EPHA2 cataract mutations result in the loss of the ability to promote cell migration
To examine how the cataract mutations affect EPHA2 function, we investigated EPHA2 regulation on cell migration using the wound-healing assay, a common method in analyzing cell migration. A confluent cell monolayer was wounded using a pipette tip, introducing a cell-free area, and the migration of cells into the wound was monitored by capturing images at the indicated time points. In the absence of ephrin-A5 stimulation, wild-type EPHA2 promoted cell migration, while EPHA2 mutations in the SAM domain greatly reduced this ability (Figure 5A). Cells expressing wild-type EPHA2 began to migrate into the wound at 24 hours, while ephrin-A5 treatment significantly impaired the EPHA2-induced migration. Wound-healing assays were also quantified by measuring the distance by which transfected cells migrated into the cell-free region. Cells expressing wild-type EPHA2 migrated markedly faster than the mutants, occupying 51.25% (3.075 mm/6 mm) of the cell-free area after 24 hours and to 69.17% (4.15 mm/6 mm) after 48 hours (Figure 5B). The cataract mutations reduced the ability of EPHA2 to promote cell migration (Figure 5A,B). Although the wild-type EPHA2 promoted cell migration, treatment with ephrin-A5 impaired EPHA2-mediated cell migration (Figure 5A,B). Similar results were obtained using HEK293A cells (Figure S4A,B). In addition, statistical analysis showed there were significant differences between wild-type EPHA2 and the mock control groups (Figure 5B and Figure S4). The effects of mutant EPHA2 genes were also statistically different compared to that of mock-transfected αTN4-1 cells (Figure 5B).
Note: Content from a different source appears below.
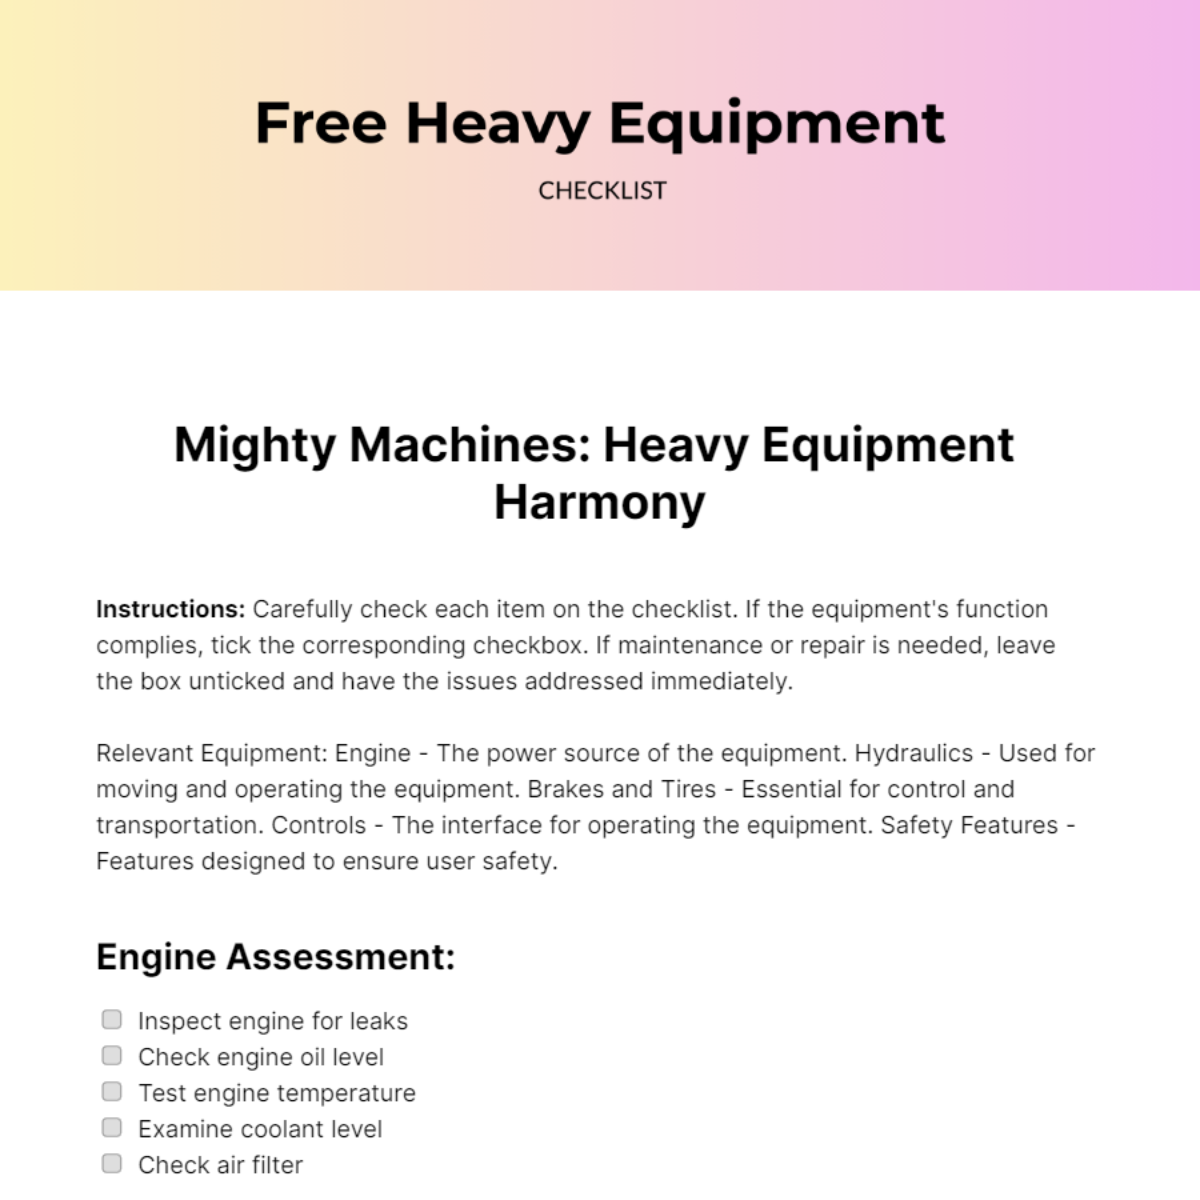 Free Heavy Equipment Checklist Template

These observations demonstrate that EPHA2 promotes cell migration in the absence of ligand. However, ligand stimulation resulted in a switch of EPHA2 function, turning promotion to inhibition of cell migration.
EPHA2 SAM domain mutations reduce Akt activation
To assess whether the SAM domain mutations affect EPHA2 biochemical functions, we determined the effects of EPHA2 on Akt and extracellular signal-regulated kinase (Erk) 1/2 signaling [18], [39], [40]. HEK293T cells transfected with wild-type and mutant EPHA2 genes were serum-starved for 24 hours, then treated with 2 µg/mL ephrin-A5-Fc at the indicated time points. Stimulated cells were lysed and examined for Akt and Erk activation. Ephrin-A5 stimulation of HEK293T cells expressing wild-type EPHA2 resulted in an increase of Akt phosphorylation at Ser473 in a time-dependent manner. In contrast, ephrin-A5-induced Akt phosphorylation was severely reduced in EPHA2 mutant-transfected cells after ephrin-A5 stimulation (Figure 6A). Akt phosphorylation was almost undetectable in cells expressing c.2915_2916delTG, c.2826-9G>A and c.2842G>T. Similar results were obtained using αTN4-1 cells (Figure S5A,B). The ability of the various EphA2 genes to activate Akt closely correlated with the receptor protein levels, as evidenced by the similar ratios of phospho-Akt (Ser473) to total EphA2 protein signals (data not shown).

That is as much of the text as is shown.